Alternatively, in many cases you should embed the units in the variable names rather than in comments. An expression like distanceToSurface = marsLanderAltitude looks like it's probably correct, but distanceToSurfaceInMeters = marsLanderAltitudeInFeet exposes an obvious error.

Comment the range of allowable numeric values If a variable has an expected range of values, document the expected range. One of the powerful features of the Ada programming language was the ability to restrict the allowable values of a numeric variable to a range of values. If your language doesn't support that capability (and most languages don't), use a comment to document the expected range of values. For example, if a variable represents an amount of money in dollars, indicate that you expect it to be between $1 and $100. If a variable indicates a voltage, indicate that it should be between 105v and 125v.

Cross-Reference

A stronger technique for documenting allowable ranges of variables is to use assertions at the beginning and end of a routine to assert that the variable's values should be within a prescribed range. For more details, see Section 8.2, "Assertions."

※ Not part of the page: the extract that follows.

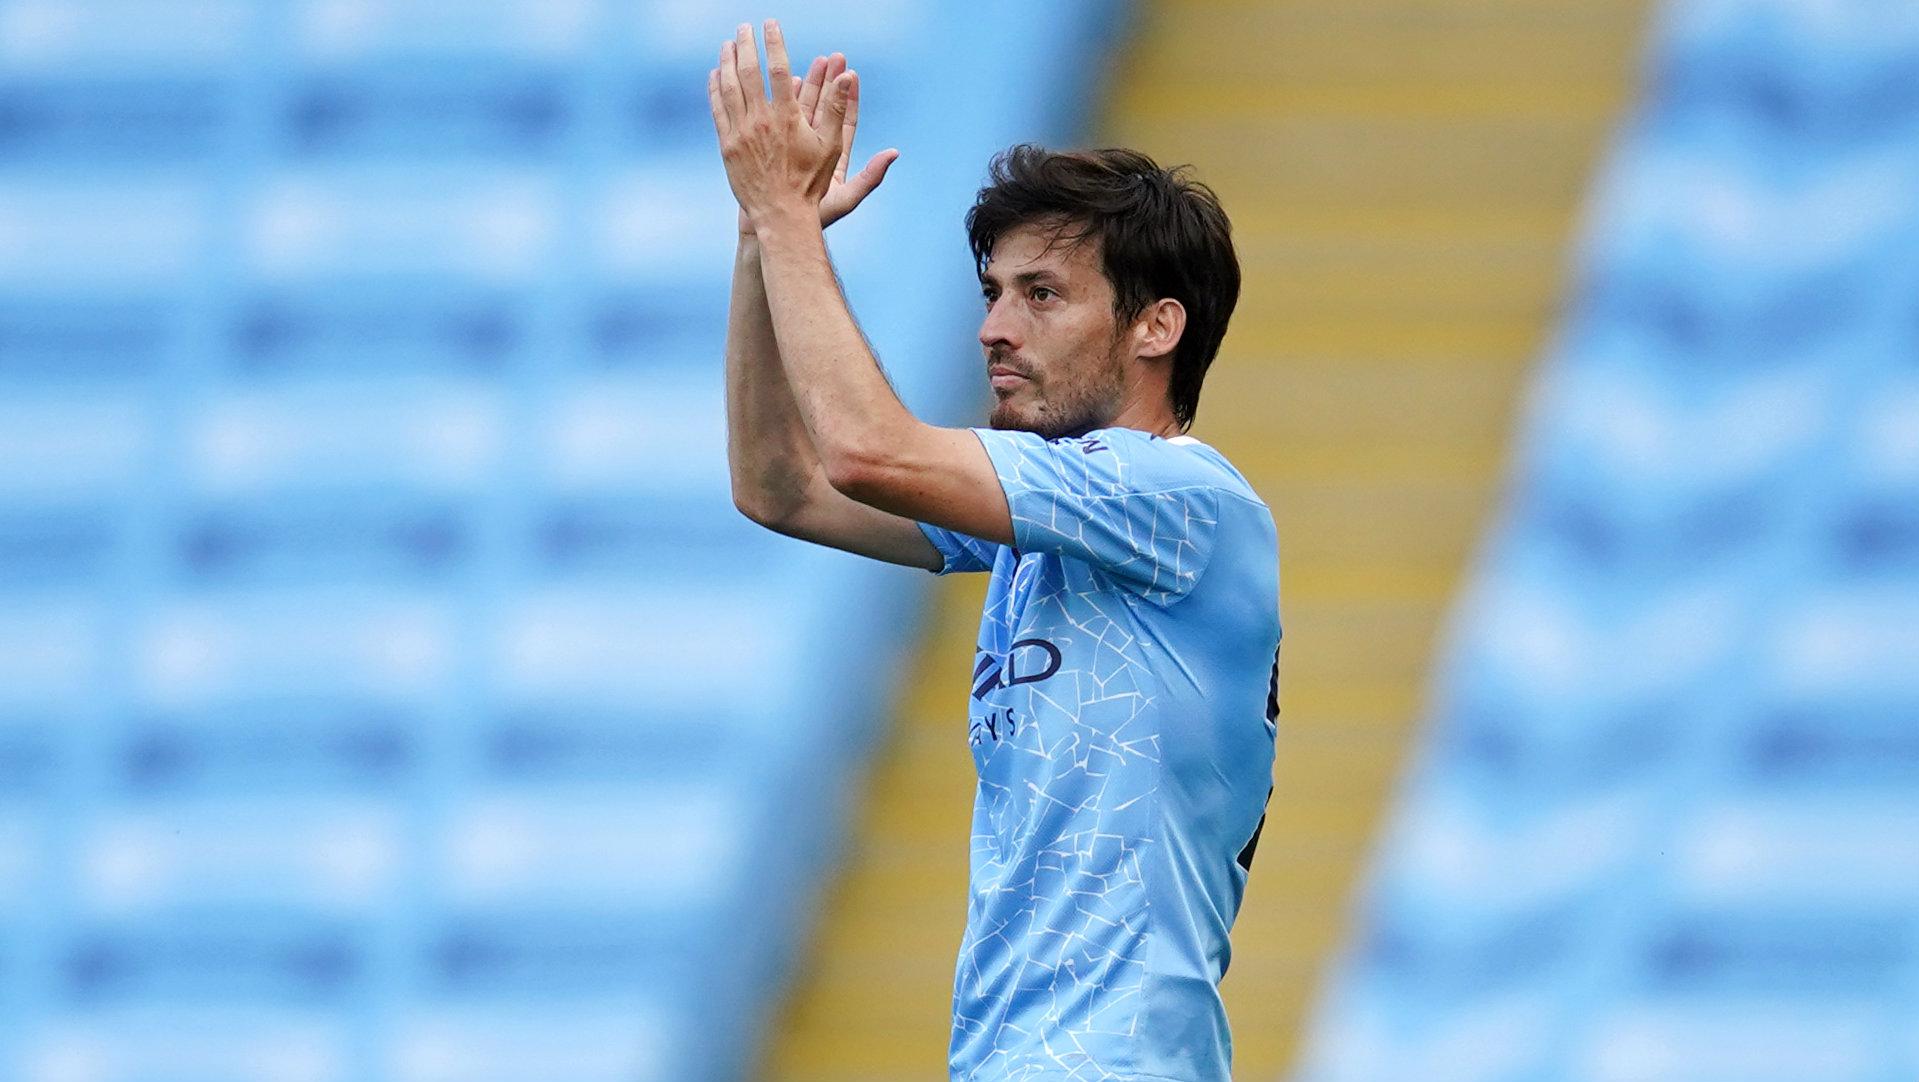 Chuyển nhượng) Gia đình David Silva đáp trả khi bị Lazio nói không đáng mặt đàn ông | Goal.com

Comment coded meanings If your language supports enumerated types as C++ and Visual Basic do use them to express coded meanings. If it doesn't, use comments to indicate what each value represents and use a named constant rather than a literal for each of the values. If a variable represents kinds of electrical current, comment the fact that 1 represents alternating current, 2 represents direct current, and 3 represents undefined.

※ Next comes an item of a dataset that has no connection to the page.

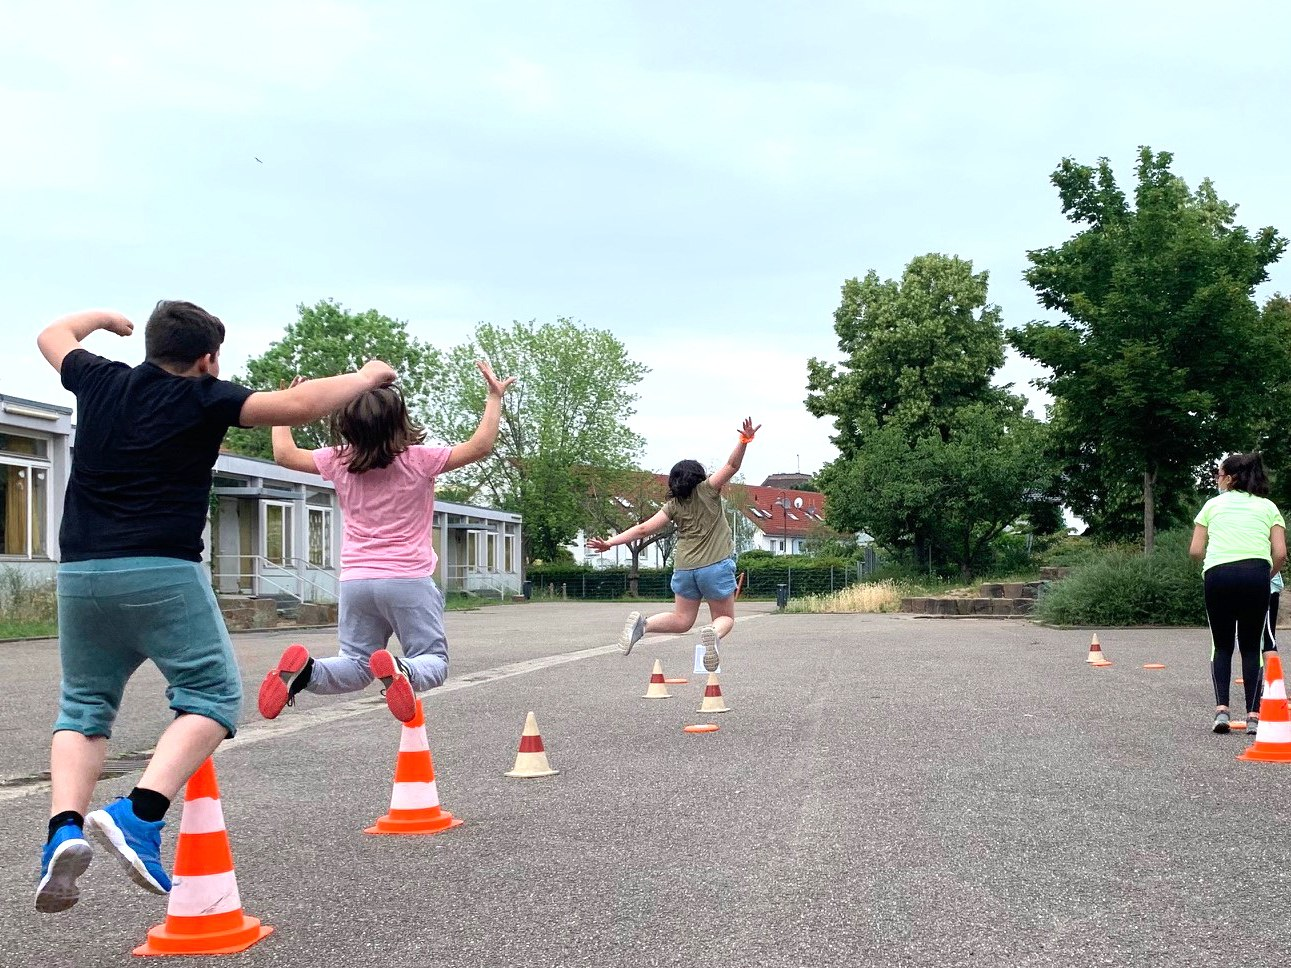 Adipositas-Schulungsprogramm startet wieder nach den Sommerferien – Anmeldung ab sofort möglich:

Here's an example of documenting variable declarations that illustrates the three preceding recommendations all the range information is given in comments:

Visual Basic Example of Nicely Documented Variable Declarations

Dim cursorX As Integer  ' horizontal cursor position; ranges from 1..MaxCols Dim cursorY As Integer  ' vertical cursor position; ranges from 1..MaxRows Dim antennaLength As Long      ' length of antenna in meters; range is >= 2 Dim signalStrength As Integer  ' strength of signal in kilowatts; range is >= 1 Dim characterCode As Integer      ' ASCII character code; ranges from 0..255 Dim characterAttribute As Integer ' 0=Plain; 1=Italic; 2=Bold; 3=BoldItalic Dim characterSize As Integer      ' size of character in points; ranges from 4..127

Comment limitations on input data Input data might come from an input parameter, a file, or direct user input. The previous guidelines apply as much to routine-input parameters as to other kinds of data. Make sure that expected and unexpected values are documented. Comments are one way of documenting that a routine is never supposed to receive certain data. Assertions are another way to document valid ranges, and if you use them the code becomes that much more self-checking.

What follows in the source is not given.